In short, the plot is as follows: The year is 1991, three years before the release of Jeff Buckley’s Grace album and six years before his accidental(?) drowning. Jeff is asked to perform at a tribute concert for his father, Tim Buckley, who Jeff never really knew. Tim died of an accidental overdose in 1975. Jeff was nine. The story revolves around Jeff trying to come to terms with the legend of his father, their relationship or lack thereof, and the man Jeff would like to become.
The father-son relationship is told in a series of flashbacks very reminiscent of the 1996 John Sayles’ movie, Lone Star, with Chris Cooper and Matthew McConaughey. Another story where the son is trying to live up to the expectations of a father while becoming his own man.
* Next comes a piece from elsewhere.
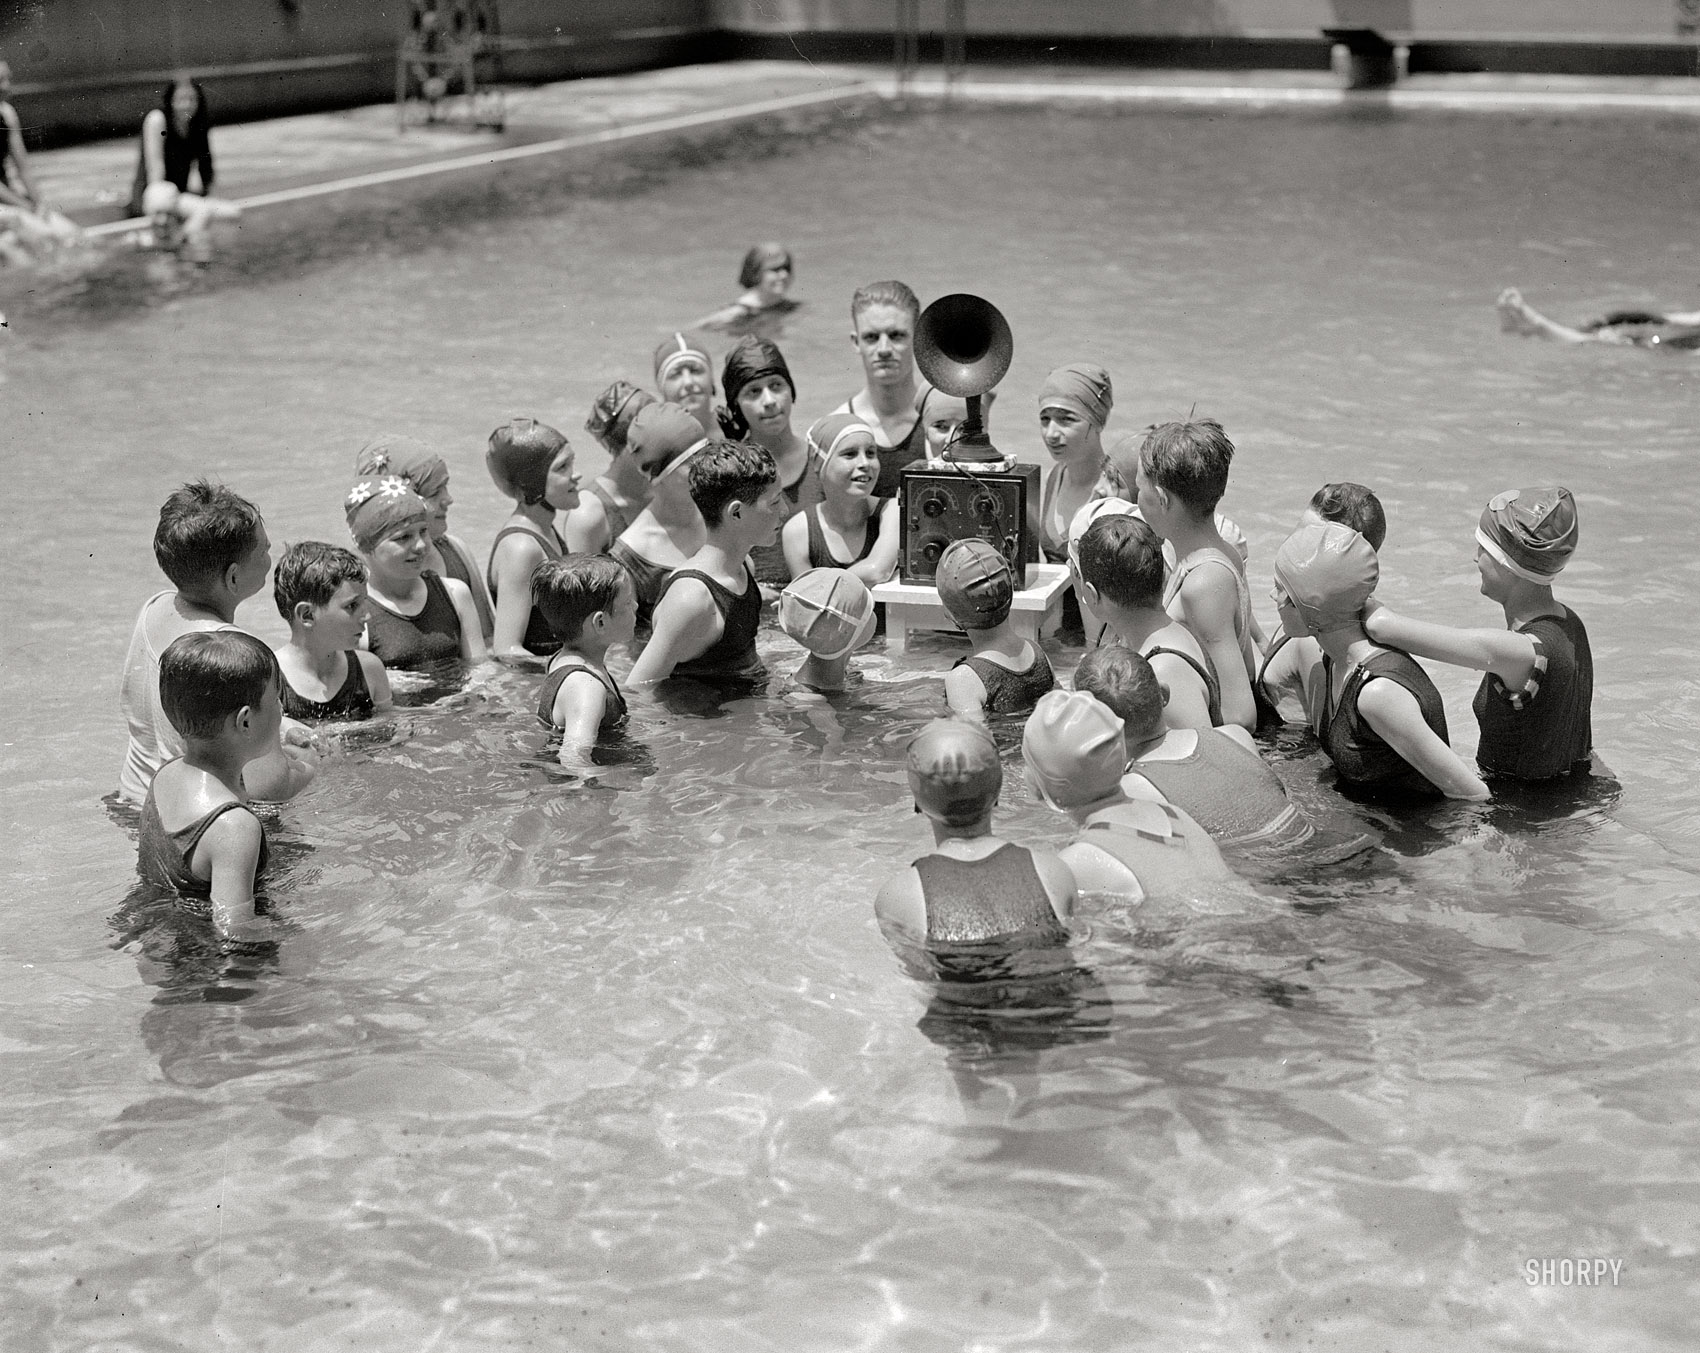 July 10, 1924. Washington, D.C. "Radio at Wardman Park Hotel pool" -- 85 years ago today. National Photo Company Collection glass negative. View full size.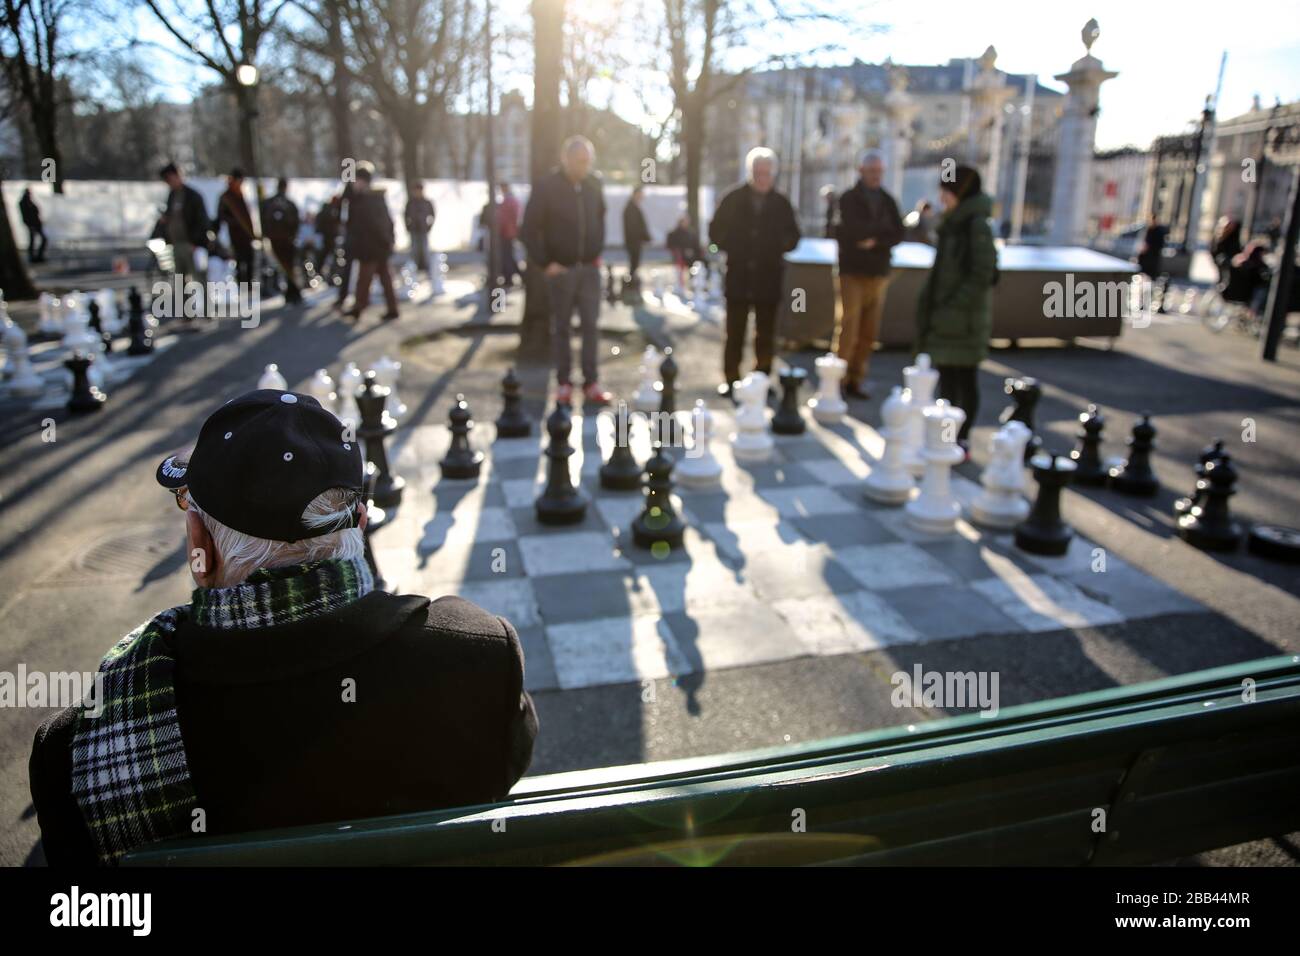 Men Playing Chess On A Giant Chess Board In The Parc Des Bastions, Geneva, Switzerland Stock Photo

Dan Algrant directs the movie like a beautiful and lyrical composition, not a musical, but a song. And it works. We want to know the story told in each verse, sing along with the chorus, and hope for more when the music ends. There are some very fine performances in this movie. Imogen Poots gives a near captivating show as a young singer inspired by the legend of Tim and enthralled by the promise of Jeff. Ben Rosenfield, who plays Tim Buckley, does so with subtle conviction. While this is very much the story of Tim, the artist and the man, it is mainly the story about a rising and fleeting star – his son, Jeff. Throughout the film, Algrant gives the viewer hints of Jeff Buckley and the man he will become (and never get the opportunity to be), and then, in a final tribute to his father, we are introduced to Jeff, the artist, in the grandest of ways and this is where Penn Badgley excels. It is simply a beautiful moment when this young man becomes the Jeff Buckley of legend and lore and music history. Just as much as it reflects the emergence of Jeff Buckley, it should do the same for Badgely. This should be a star making role for Badgley, who sang live and did not lip sync his Buckley performances. But will it be? We’ll just have to wait and see.
In most biopics about musicians, the viewer gets the story leading to the song. Here, the story is the song.
We wait for the Jeff Buckley moment and we beg for Hallelujah, but that’s not what we get. And, I expect, it’s not what Buckley would’ve have wanted in a film about him. This movie may mean less to those unfamiliar with Jeff Buckley. But to the fans, it is completely unexpected, completely fulfilling, and completely what I hoped it could be.
Could this movie have been better? Probably. Would that have made it better? I don’t think so.